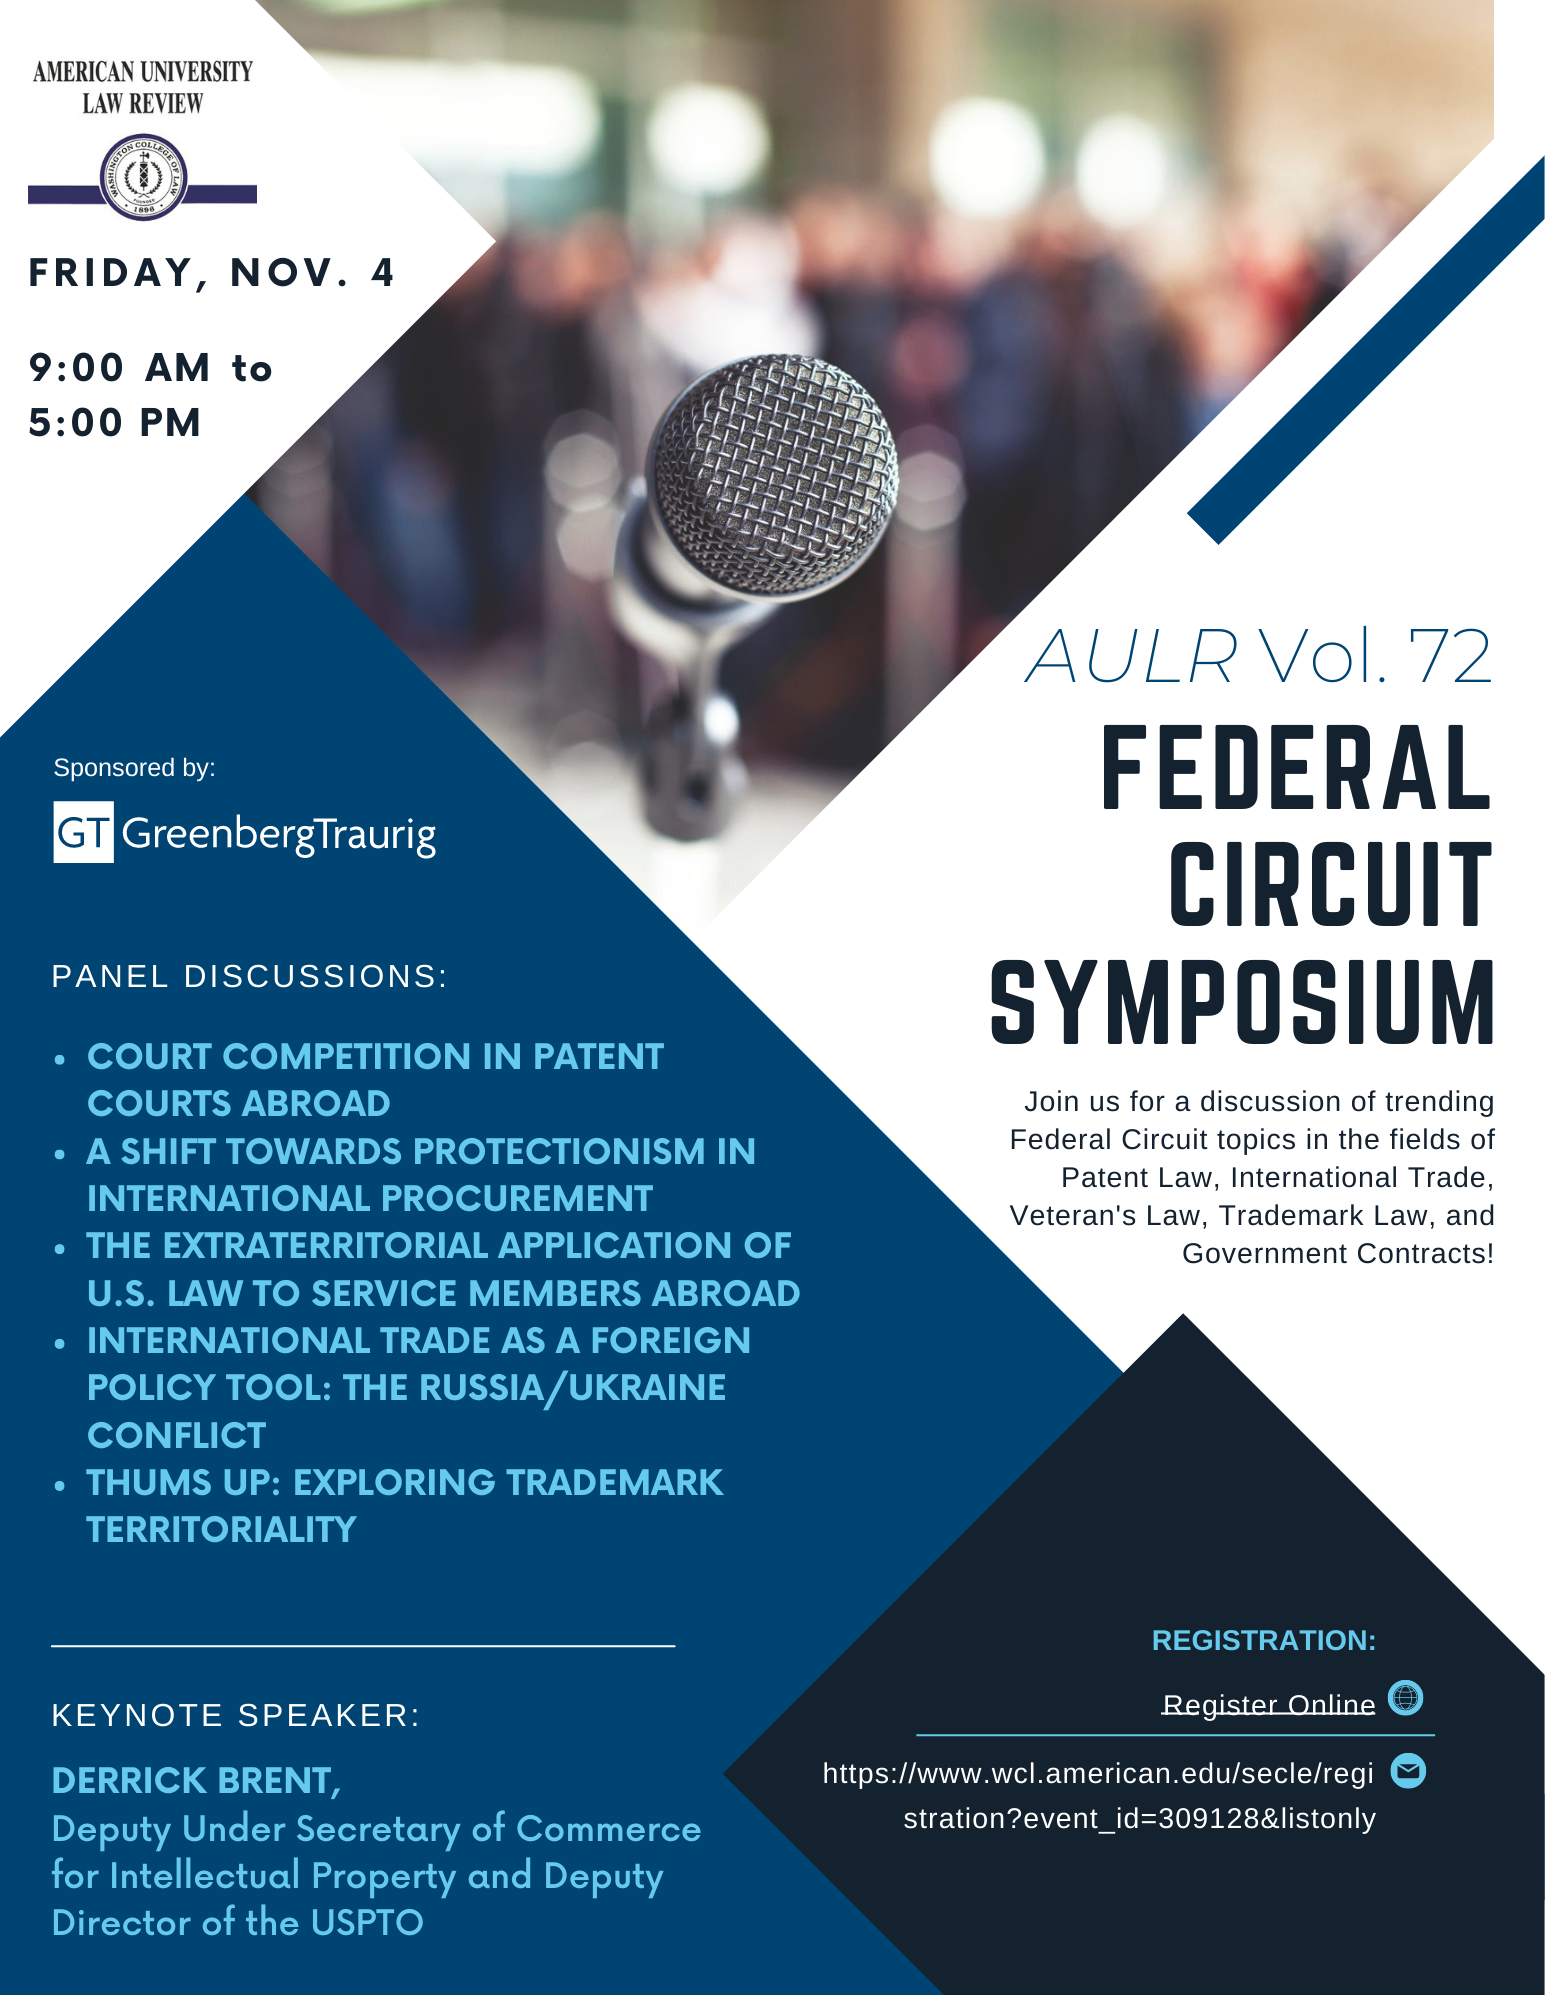 AULR Federal Circuit Symposium Flyer
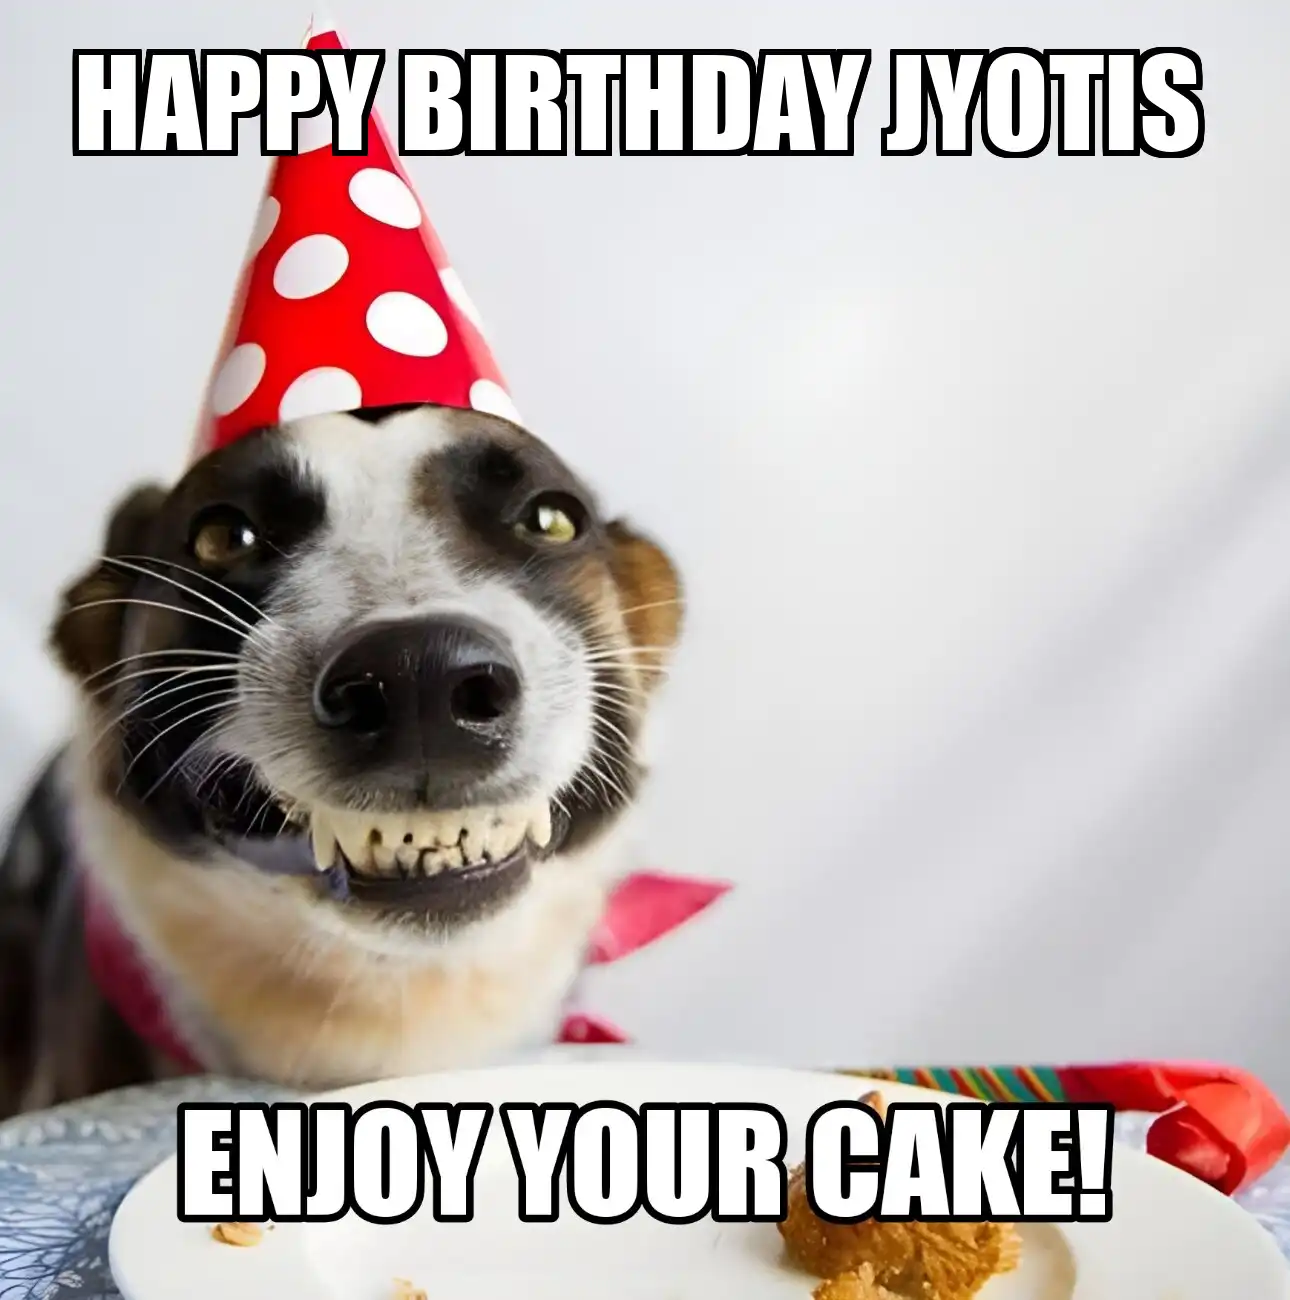 Happy Birthday Jyotis Enjoy Your Cake Dog Meme
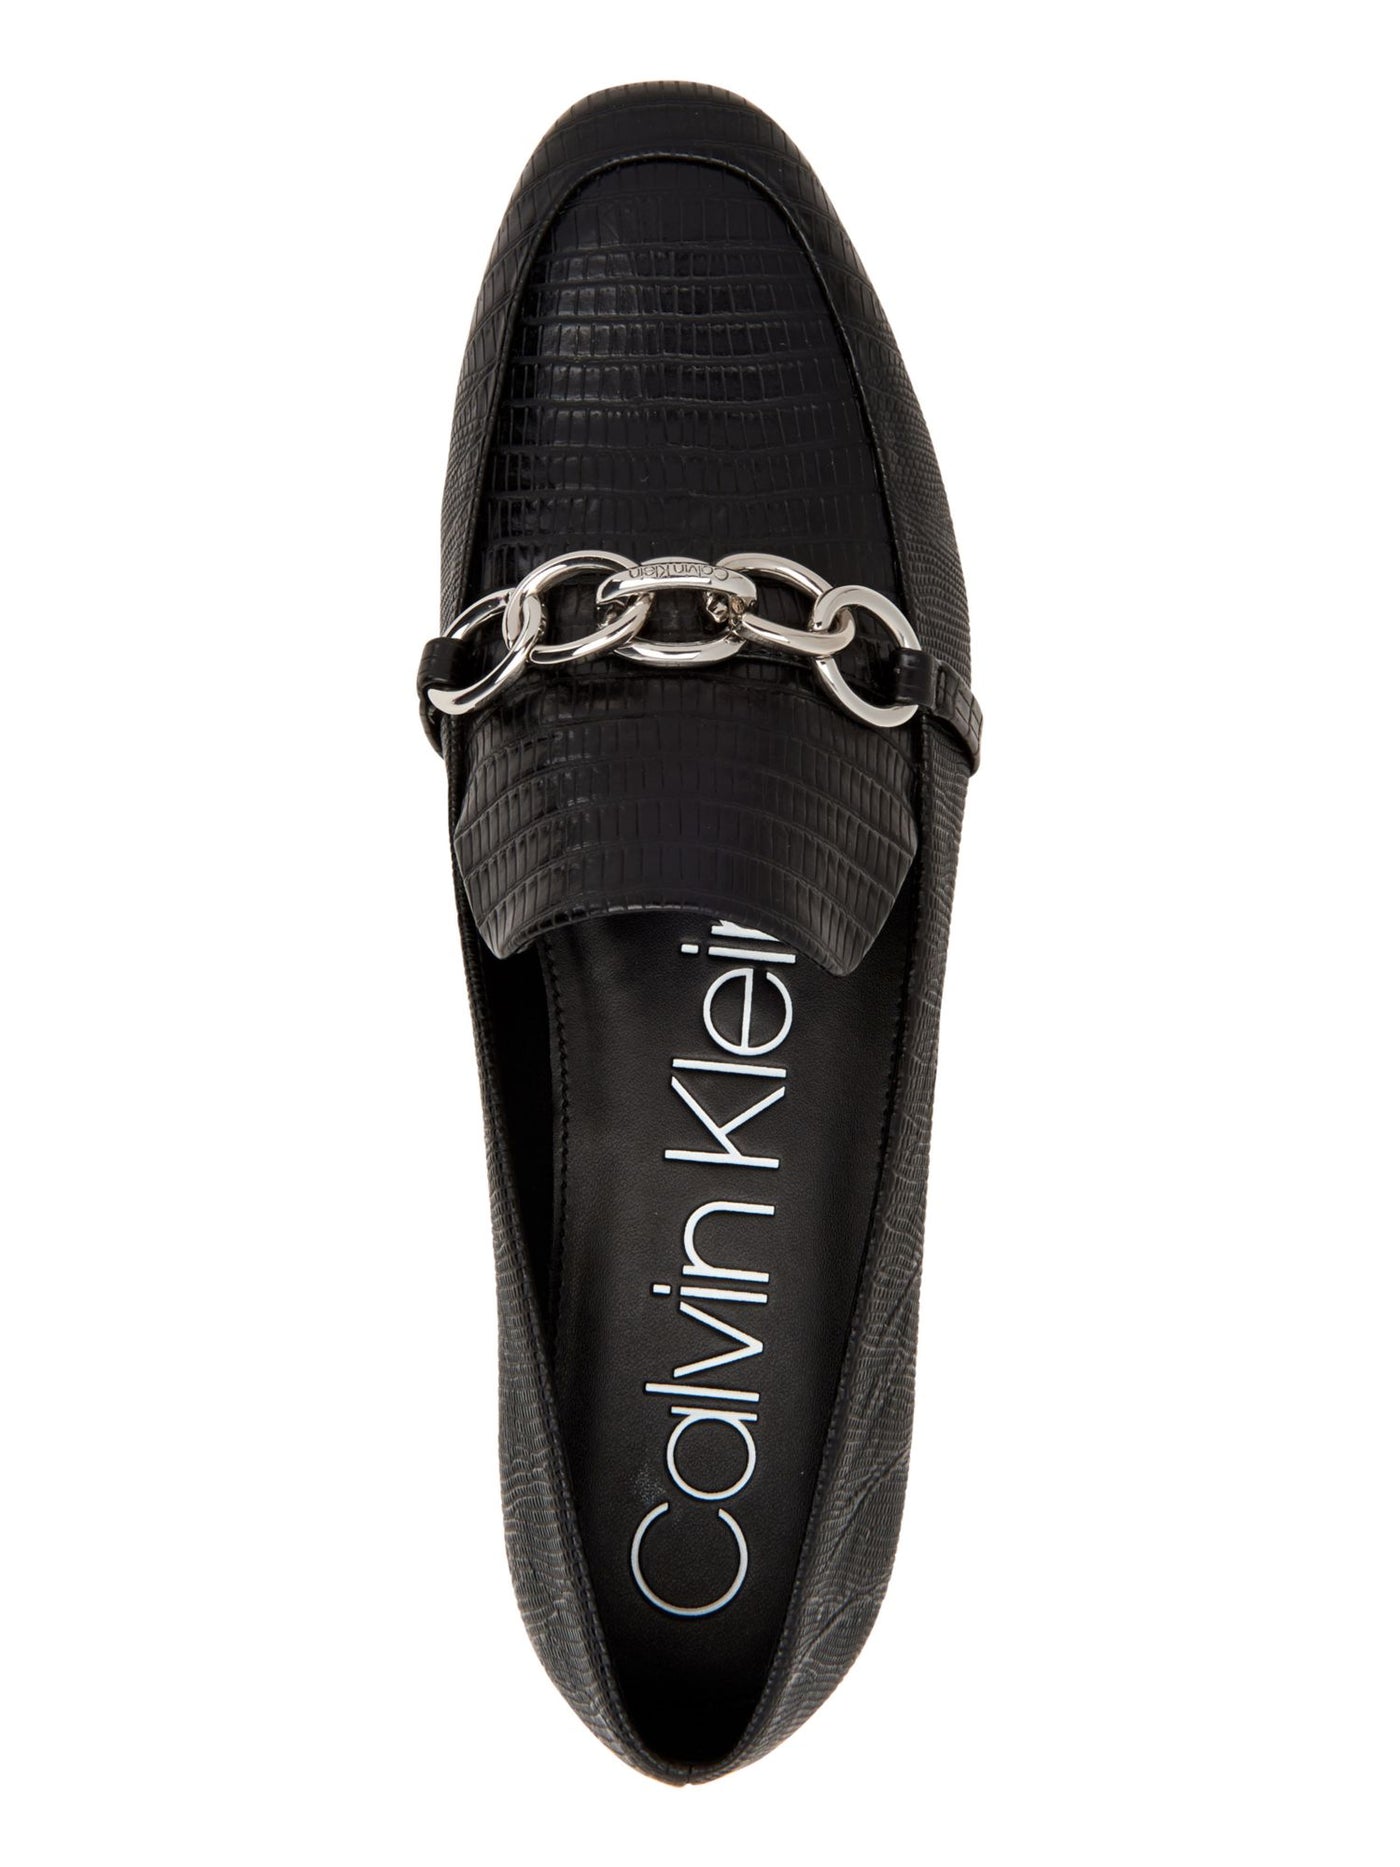 CALVIN KLEIN Womens Black Lizard Print Chain Link Accent Comfort Logo Banda Almond Toe Wedge Slip On Loafers Shoes 10 M
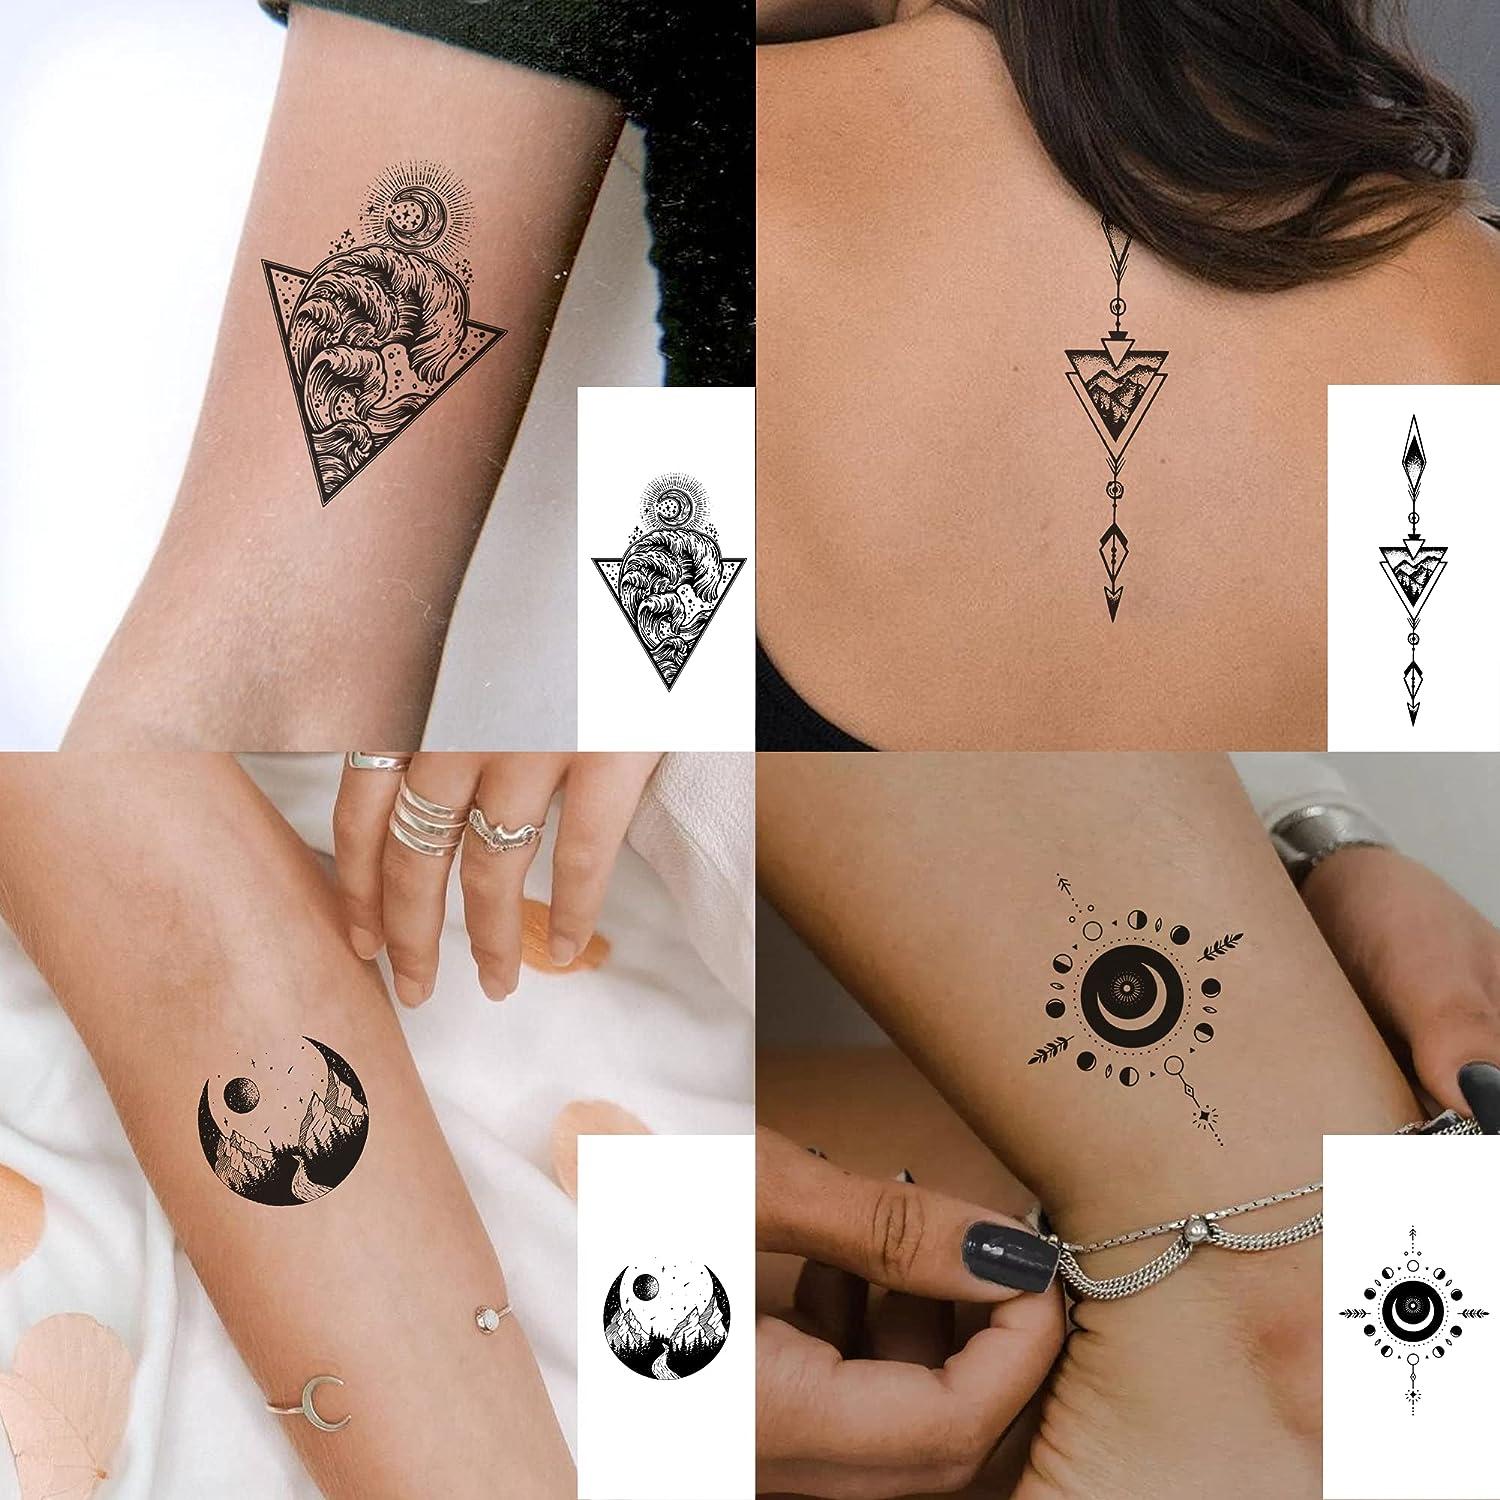 Hummingbird and Orion constellation tattoo by Bartt Tattoo | Post 19446

----

### [WHAT TO DO]
Instruction for this listing: copy it exactly, but leave the images behind.

### [OUTPUT OF THE TASK]
 AULR Federal Circuit Symposium Flyer
 Happy Birthday Jyotis Enjoy Your Cake Dog Meme
 CALVIN KLEIN Womens Black Lizard Print Chain Link Accent Comfort Logo Banda Almond Toe Wedge Slip On Loafers Shoes 10 M
 Hummingbird and Orion constellation tattoo by Bartt Tattoo | Post 19446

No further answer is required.